Benchmark broken on H100
FrederikAbitz opened this issue · 0 comments
FrederikAbitz commented
(textgen) ubuntu@anon:~/text-generation-webui/repositories/GPTQ-for-LLaMa$ stdbuf --output=L python -u llama.py ~/text-generation-webui/models/llama-7b-hf c4 \
> --wbits 4 \
> --groupsize 128 \
> --load ~/text-generation-webui/models/llama-7b-4bit-128g_true-seq_act-order.safetensors \
> --benchmark 2048 \
> --check 2>&1 \
> | tee llama-7b-4bit-128g_true-seq_act-order_bench.log
Loading model ...
/home/ubuntu/miniconda3/envs/textgen/lib/python3.11/site-packages/safetensors/torch.py:99: UserWarning: TypedStorage is deprecated.
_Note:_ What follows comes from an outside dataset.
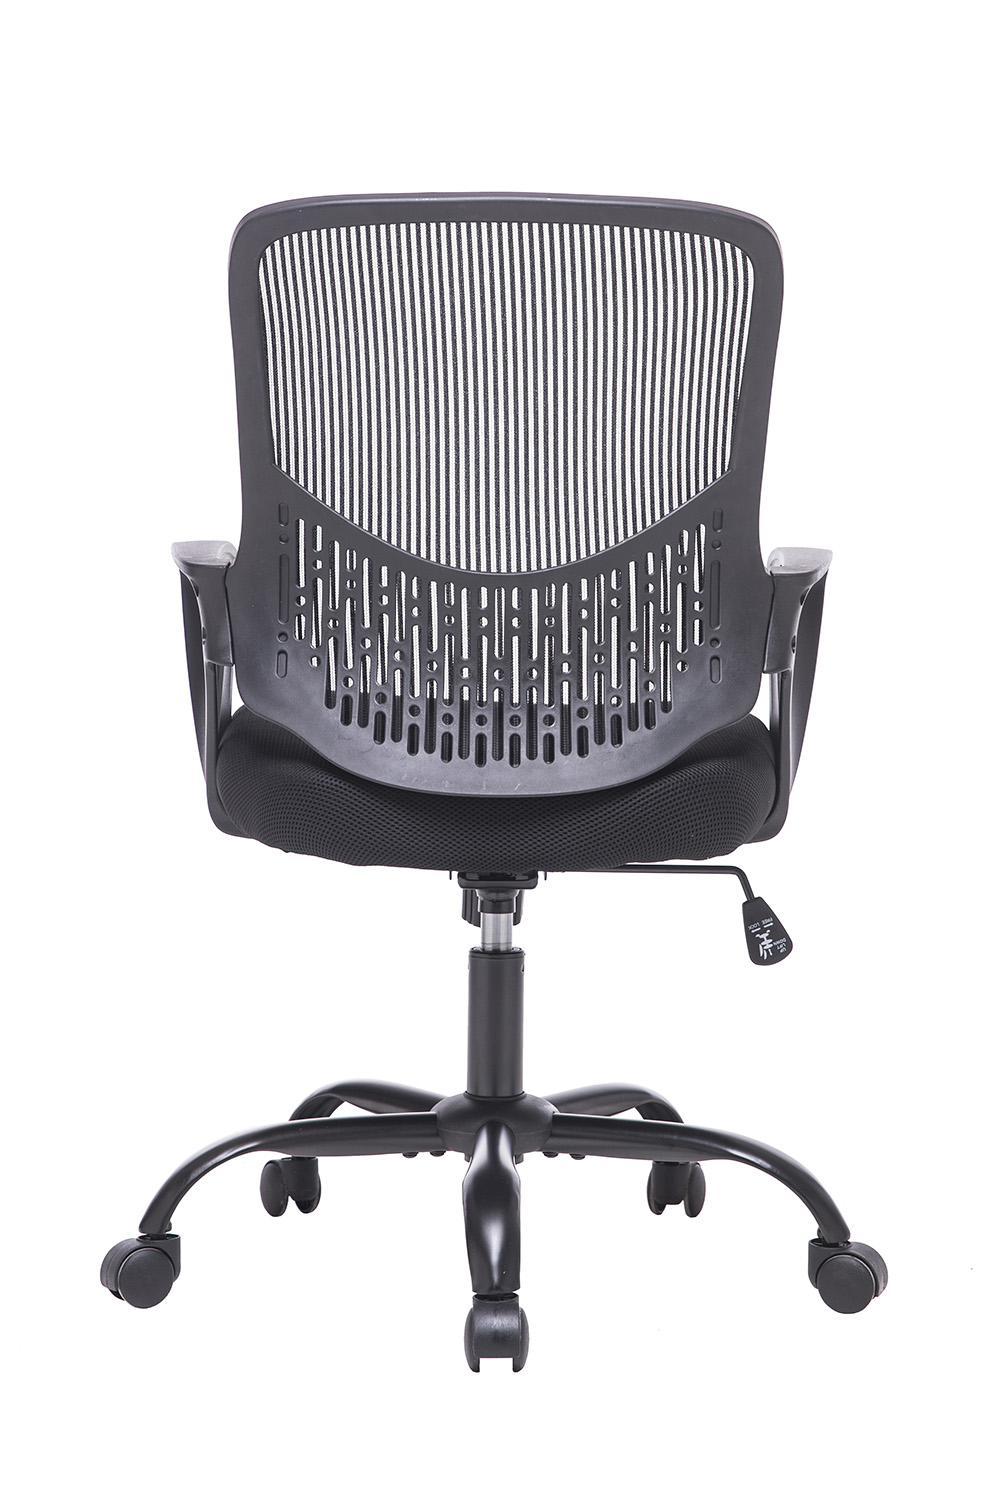 Home Office Rotatable Mesh Chair Height Adjustable with Ergonomic Mid Backrest and Armrest - Black
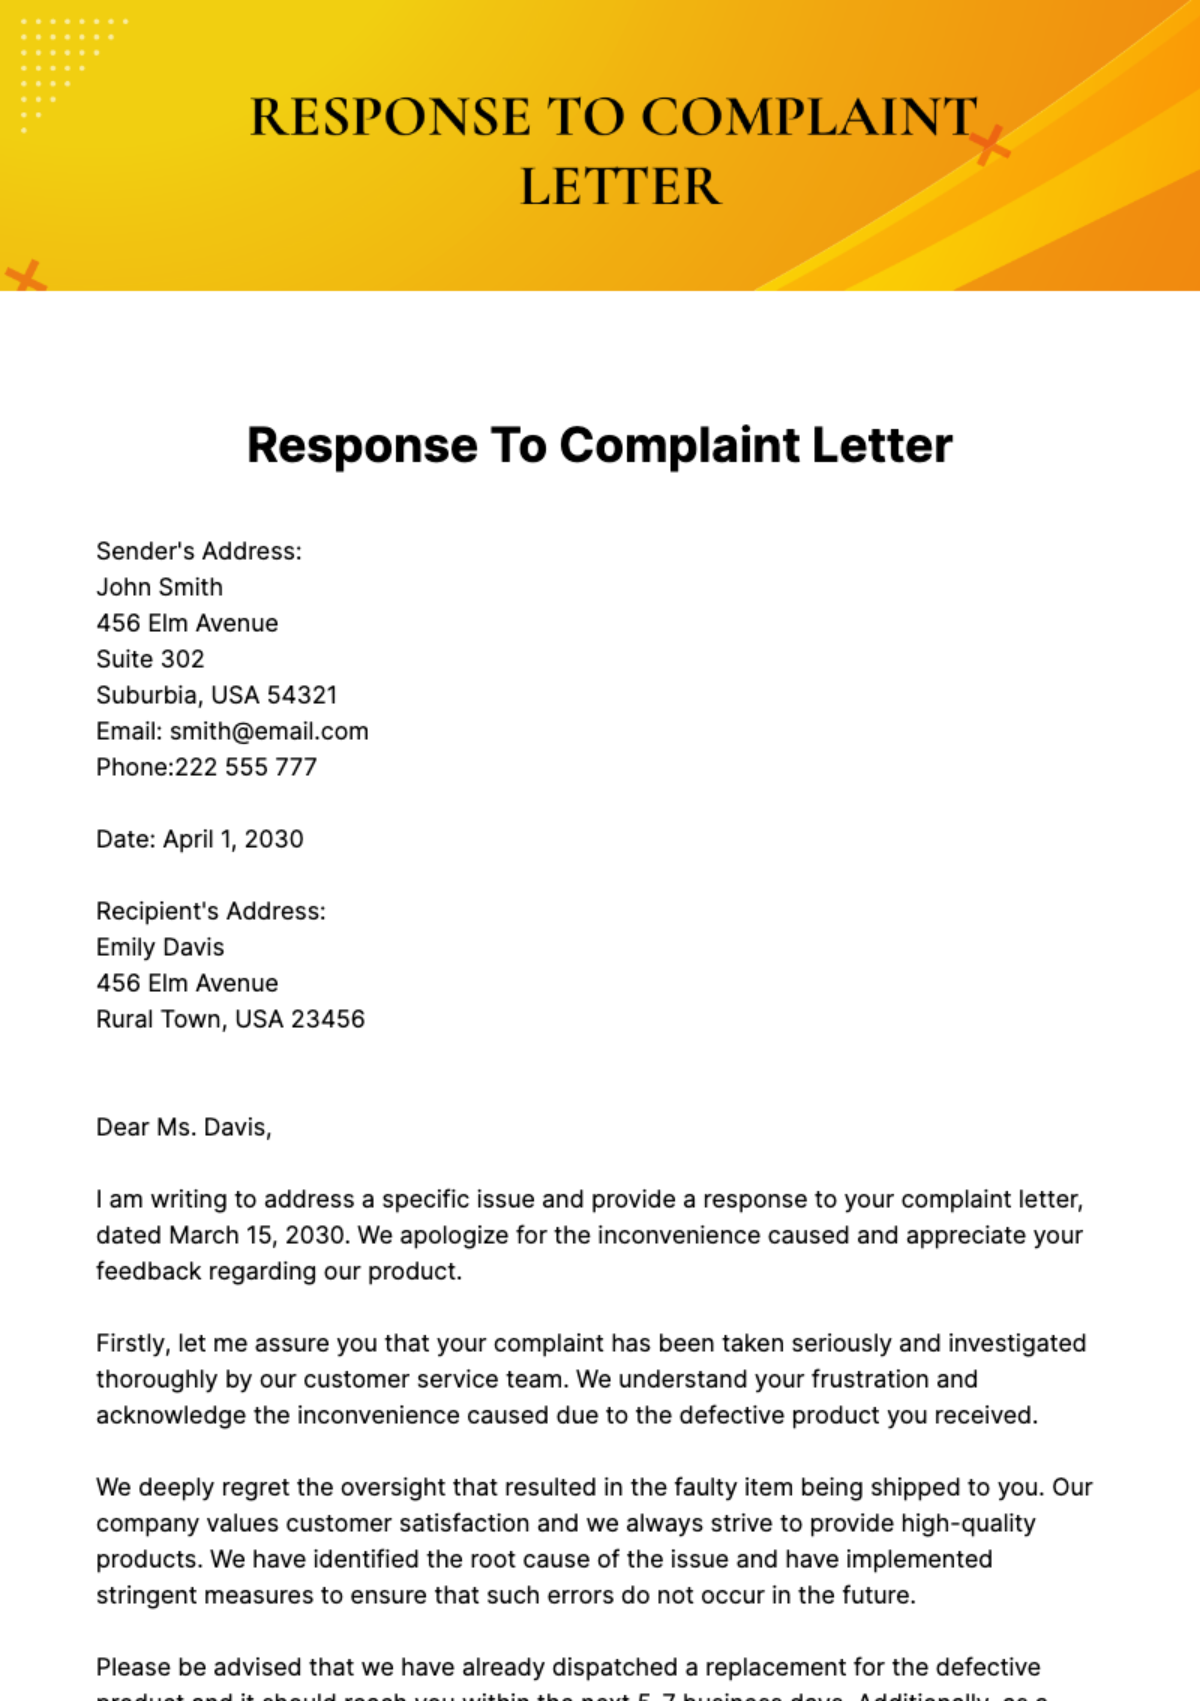 Response To Complaint Letter Template

It will be removed in the future and UntypedStorage will be the only storage class. This should only matter to you if you are using storages directly. To access UntypedStorage directly, use tensor.untyped_storage() instead of tensor.storage()
with safe_open(filename, framework="pt", device=device) as f:
Found 3 unique KN Linear values.
Warming up autotune cache ...
0%| | 0/12 [00:00<?, ?it/s]python: /opt/conda/conda-bld/torchtriton_1677881353797/work/lib/Dialect/TritonGPU/Transforms/Combine.cpp:870: int {anonymous}::{anonymous}::computeCapabilityToMMAVersion(int): Assertion `false && "computeCapability > 90 not supported"' failed.
Quantization itself works, only the benchmark is broken as of 0578159.